The belief that God has one-sided conversations with women, that God talks to her and demands that she not repeat it, not respond except in prayer? Now, that’s a lie.

The assertion that God only wants her to talk to other women and children, and certainly not behind a pulpit, is the work of patriarchy.

It is an abuse of power, deciding who will be seen and heard from while using one scripture to do it – a snippet of a conversation between Paul and Timothy.

Because this is not what Jesus would do. In fact, it’s not what Jesus did.

Eavesdrop on his conversation with Mary and Martha and then let’s talk about who’s cooking, cleaning and doing the dishes.

Maybe this is why some church leaders attempt to cover her mouth by denying her calling, refuting or twisting the story that God has spoken to her. It is because, like her sisters at Jesus’ tomb, she knows where the bodies are buried.

She knows that you saw it all too, that you denied it and that you were with him, that you kept silent. She reminds you of your complicity with the patriarchal empire, but some persons in ministry don’t want to talk about that either.

Because “women talk too much.” “They’re so emotional.” “All women do is gossip.” She just needs to “calm down and then I will listen.” Because if we tell the truth, then what can they cover up?

Discounting women’s voices is a habit. Deferring one’s response until she says it the way that we want to hear it is manipulation and a common practice. Dismissing her experience and her side of the story is of no consequence.

Because we, women, have to be rational, right?

We have to be logical. We have to follow protocol and take all the proper precautions. We have to do an investigation and get all of the facts. There are laws that we must abide by.
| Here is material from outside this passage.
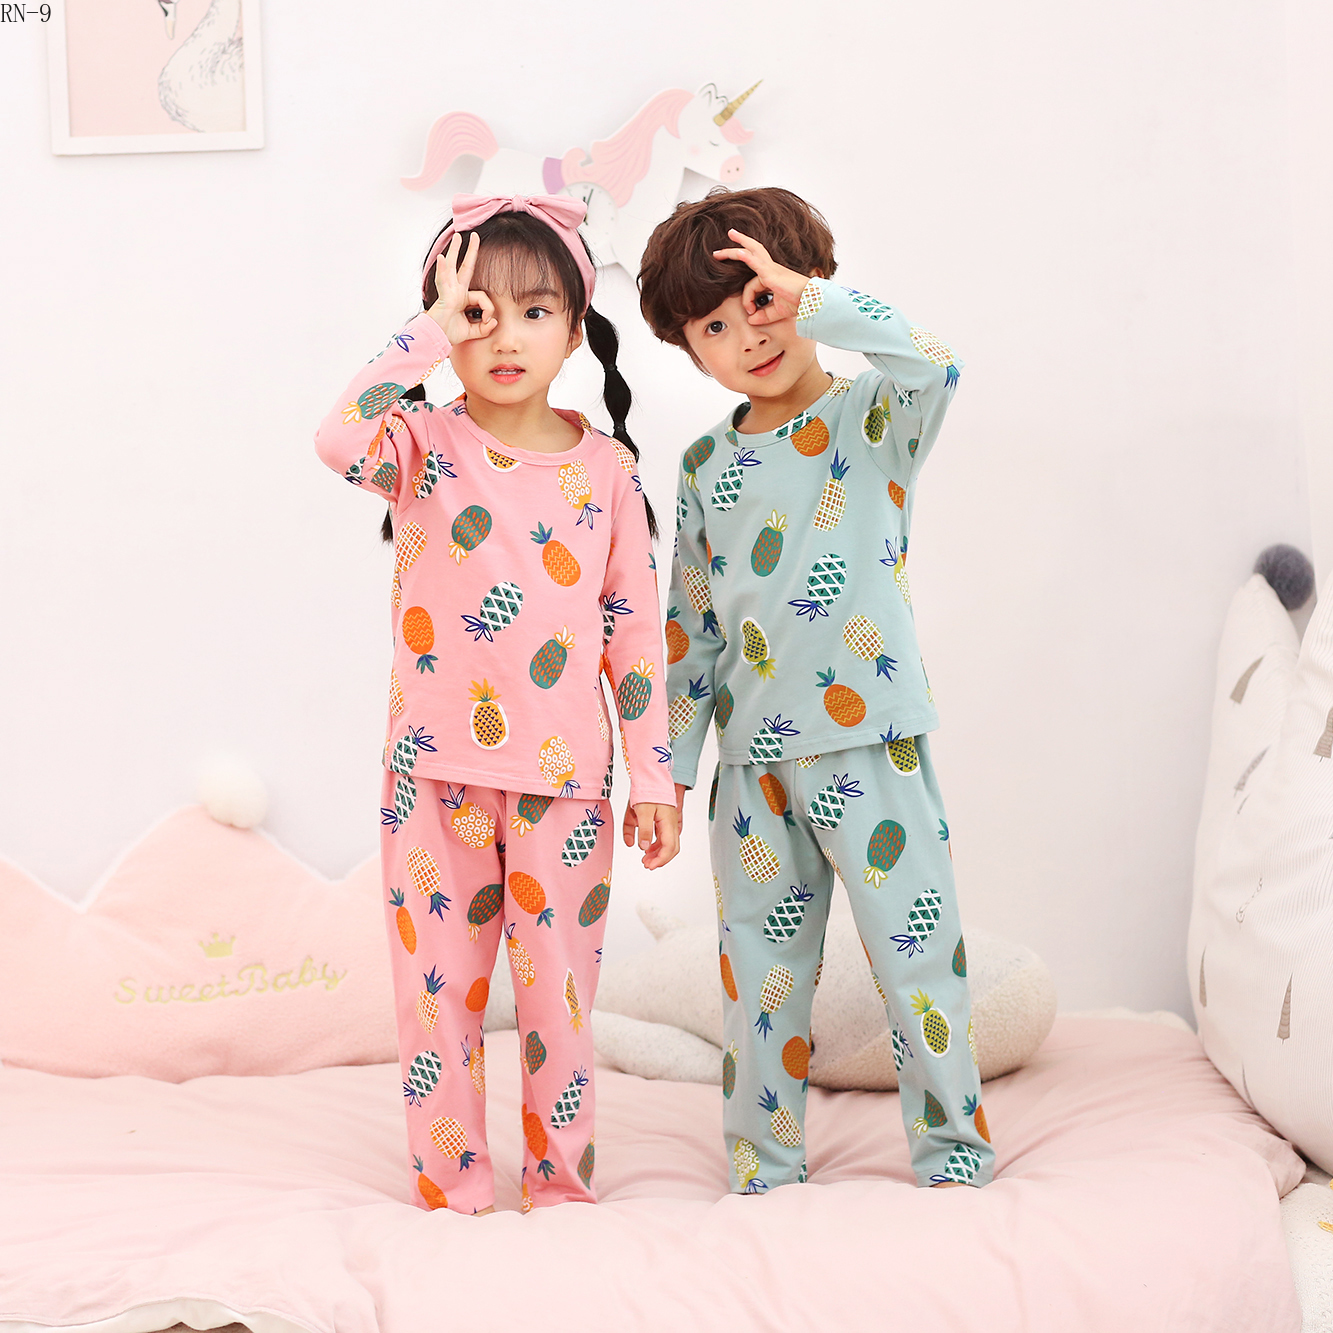 New 2019 Autumn Children Cotton Long Sleeve   Pajamas   Boy Warm Sleepwear Baby Nightwear Kids Lovely Underwear Girls Pyjamas   Set

Do all of this but it will not change the fact that she was telling the truth. While there are few cases, most women don’t lie about abuse.

And what she said about Jesus wasn’t gossip, it was the good news.

Governor Andrew Cuomo resigns but gives two weeks’ notice and a resignation speech, calling the accusations “ugly.” He addresses his daughters and not the women who accuse him of inappropriate touches and unwarranted sexual advances.

He does not apologize but instead says, “I want them to know that I never did, and I never would, intentionally disrespect a woman or treat any woman any differently than I would want them treated. And that is God’s honest truth.”

He’ll leave in 14 days, as if the reason for his departure is normal. But there is nothing normal about accusations of sexual harassment and assault.

It is not easy to say or talk about. In fact, it is more humiliating for the women who come forward than Cuomo resigning in disgrace, though persons often center the abuser.

It takes a lot for a woman to speak up, to tell the truth about her abuse, and it shouldn’t take multiple accusations, a miracle or an angelic messenger to believe her — but it seems that the church has resigned itself to this.